Preparing your learning strategy for Gen Z

Amazon abandoned its attempt to use artificial intelligence (AI) for recruitment after a number of years of struggling to make its recruitment engine gender neutral. Despite its best efforts, and brightest brains, its solution continued to discriminate against female applicants. As diversity and inclusion have become increasingly important issues in the workplace, algorithmic recruitment and performance management systems were supposed to be the answer. By removing human bias and workplace politics, the idea was that data-based talent development would be fair and equitable. However, the shortfalls in many of the AI systems developed so far have led to a growing movement for ‘AI for good’ – so, how can we eliminate bias in AI?

Who makes up Gen Z?

The limitations of AI are related to the parameters of its data. As with all computer systems, AI is only as good as the data on which it is based – we cannot eliminate bias in AI if we are not aware of our own bias. So, decisions based on data soon run into trouble if they don’t consider all the parameters. Even intelligent recruitment and performance development systems tend to focus on hard evidence and hard skills, such as technical qualifications and certifications. More often than not, they do not take account of soft (or behavioral) skills, partly because these are perceived as hard to measure. They also do not take account of social context, which relates to an individual’s ability to network and communicate well.

Building power skills

HR expert Josh Bersin has recently described behavioral skills as ‘power skills’. In his view, these are the skills that give individuals real power at work. In fact, he points out, “Hard Skills are soft (they change all the time, are constantly being obsoleted, and are relatively easy to learn), and Soft Skills are hard (they are difficult to build, critical, and take extreme effort to obtain).”

Skills that truly matter across the board

If organizations are to achieve their corporate and social responsibility goals for inclusion and diversity it is increasingly important for them to look at the skills that truly matter across the board, eliminating all considerations relating to the race, religion, or gender of a person, instead prioritizing key soft skills – to eliminate bias in AI we must first begin by looking at ourselves.

Relationships and efficient work

Often companies will circumnavigate tender processes, in order to choose a supplier who may not be the cheapest but with whom they have a good relationship and work with more effectively. This is the same with employees. Someone may have all the right technical skills, and even good soft skills such as negotiation and leadership skills, but if they are lacking communications skills and foreign language proficiency they will not be able to work effectively across an international business.

Level the playing field

Talent development and recruitment solutions that are largely based on data do not offer a level playing field. Too often, soft skills are not identified in a structured way within organizations. For example, few companies have a clear idea of the level of language and communication proficiency for key languages such as English in their workforce.

Companies can put AI to work to level the playing field in three ways:

AI can help organizations be more objective in their talent development

According to Bersin: “One of the hottest topics in business today is upskilling, reskilling, and redefining jobs for the future of work. It’s so rampant that 34% of CEOs now rate it one of their top three threats to growth.” AI can help if used properly – backed by human decision-making – by placing value on real performance and an employee’s full range of skills, rather than on opinion.

Large organizations can use AI to identify skills gaps at scale across a global workforce

Intelligent technology can then help provide the right training to the right people at the right time, extending upskilling opportunities to a wider population. It is common to see training provided to employees and departments who shout the loudest, rather than those whose need is greatest. AI can help ‘budget match’ training, so that money is spent on training people who need it the most, delivering the greatest business benefit. And when it comes to training management and saving time and resources on training management, AI and automation are leading the way. When AI is used for good it provides personalized and adaptive learning, allowing employees to build and maintain difficult to access skills such as foreign language acquisition.
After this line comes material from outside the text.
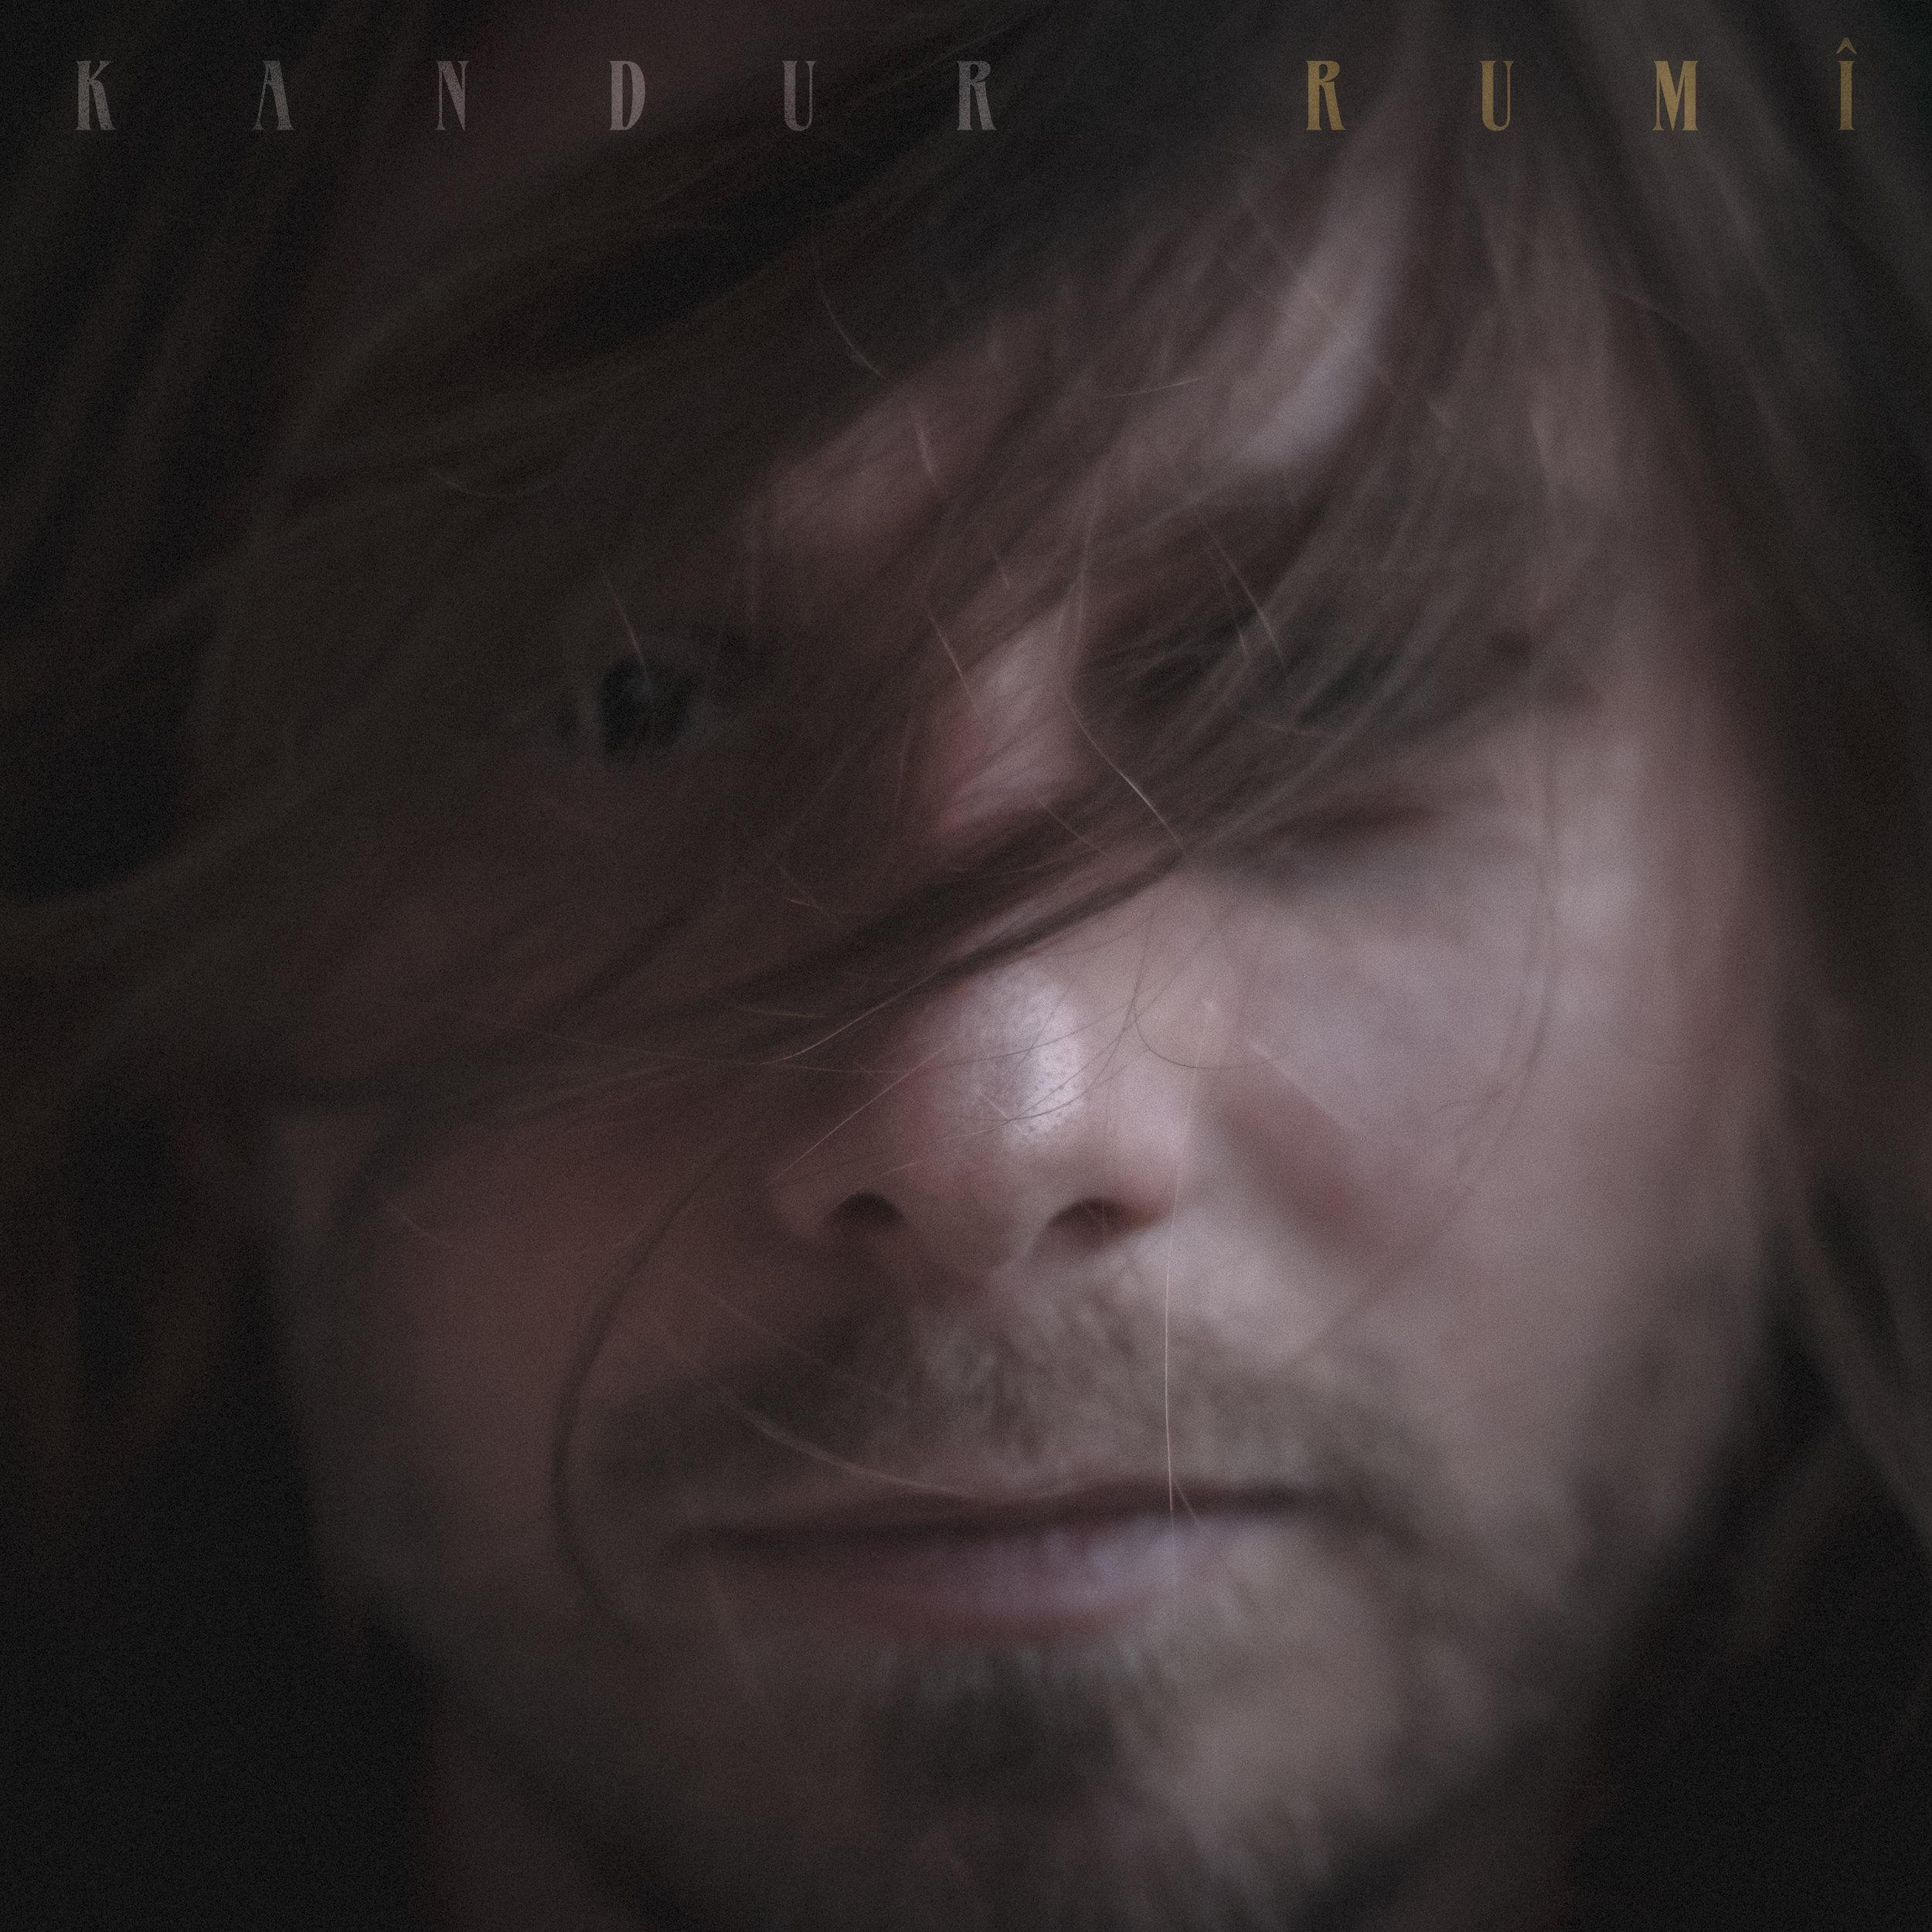 Kandur - Rumi single cover art

AI can identify and remove bias as well as creating it

It may be used to find out why a certain group of employees is not responding well to development and training, for example.

AI supporting talent development

Artificial intelligence can be very valuable in supporting talent development and even employer branding, as long as care is taken to make sure it does not inherit biases contained both within data and within the selection of data parameters. At the same time, while the use of data relating to individual employees to create personalized training is highly effective, it comes with ethical considerations around protecting that data and using it for the best interests of the data subject. Data should not become the product when AI is used properly.

Human input is necessary

Machines can identify certain attributes and drive actions based on a set of rules. But human input and a sound training management system  is necessary to check whether what you are doing based on an algorithm is the correct decision and the right thing to do. Just as the best type of learning delivery involves an effective combination of digital learning and human coaching and mentoring, intelligent technology works best in combination with even more intelligent humans to deliver the skills and organizations will require to succeed in the future.